401 General Military Hospital of Athens
Neurology

Author Of 2 Presentations

Disease Modifying Therapies – Risk Management Poster Presentation

P0352 - Lymphocyte Subtypes Repopulation Pattern and Secondary Autoimmunity in patients with RRMS treated with Alemtuzumab in a Real World setting (ID 1112)

Speakers
Presentation Number
P0352
Presentation Topic
Disease Modifying Therapies – Risk Management

Abstract

Background

Alemtuzumab is a humanized monoclonal antibody targeting CD52 expressing T and B lymphocytes used as a second line treatment for patients with highly active Relapsing Remitting Multiple Sclerosis (RRMS). Treatment with alemtuzumab has been associated with increased incidence of secondary auto-immune adverse events.
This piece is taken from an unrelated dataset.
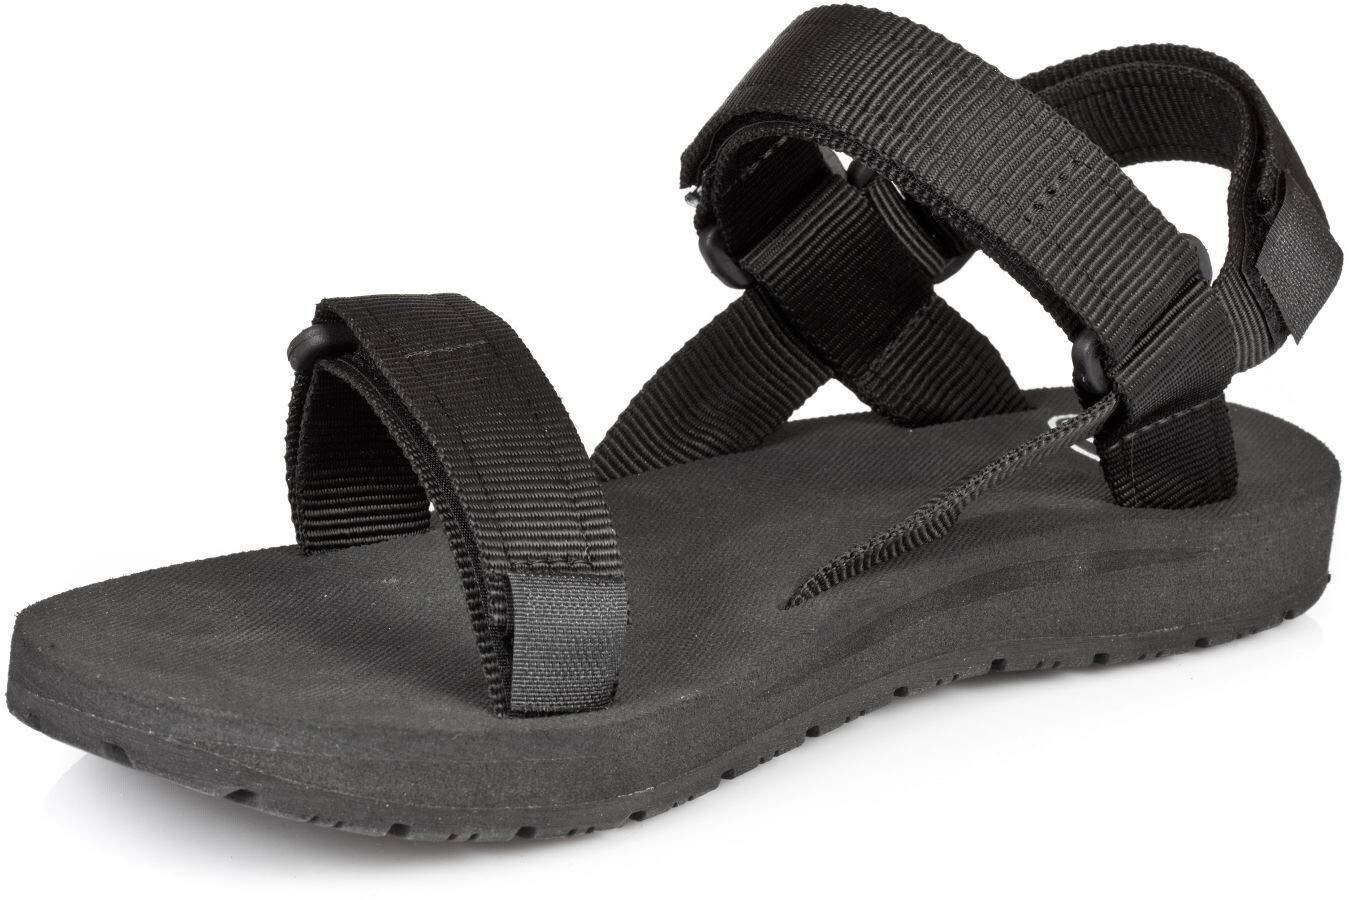 Source Herren Sandale Classic, Black, 38, 1010110038

Although the exact underlying mechanisms remain unclear, it has been hypothesized that secondary auto-immunity is a result of the fast / excessive repopulation of autoreactive CD19 lymphocytes following their initial depletion.

Objectives

To investigate the potential association of peripheral lymphocyte subtypes kinetics following treatment with Αlemtuzumab with auto-immune adverse events as well as with disease activity and disease progression in patients with RRMS, in a real-world setting.

Methods

Α retrospective analysis of data from a series of 33 patients that received two courses of treatment and completed at least 24 months of follow up was performed. Primary endpoints included incidence of new or exacerbation of preexisting auto-immunities, disease activity and disease progression in association with lymphocyte depletion and repopulation patterns. Lymphocyte subpopulations (CD4+/CD8+ T cells, CD19+ B cells total and memory, CD56 NK cells) were measured using flow cytometry at baseline and at months one, three, six and twelve after each treatment course. Patients were assessed clinically and with MRI every six months throughout the 2-year follow-up period. Statistical analysis included generalized linear models for repeated measures.

Results

Overall, 17 adverse events of autoimmune origin and 2 cases of exacerbation of previously existing auto-immunities were observed. Lymphocyte repopulation patterns did not show significant differences in association with incidence of auto-immune reactions. Repopulation kinetics were also unrelated to any other primary outcome investigated in this study.

Conclusions

Our findings suggest that lymphocytes repopulation patterns do not have a predictive value of the incidence of secondary auto-immunity, as well as the activity and the progression of the disease, following treatment with Alemtuzumab. The mechanisms behind the differentiation among patients in regards to autoimmune reactions may lie in more specific lymphocyte subpopulations that have not been included in this study or in deeper molecular paths mediated by specific cytokines. Further study is required in this field.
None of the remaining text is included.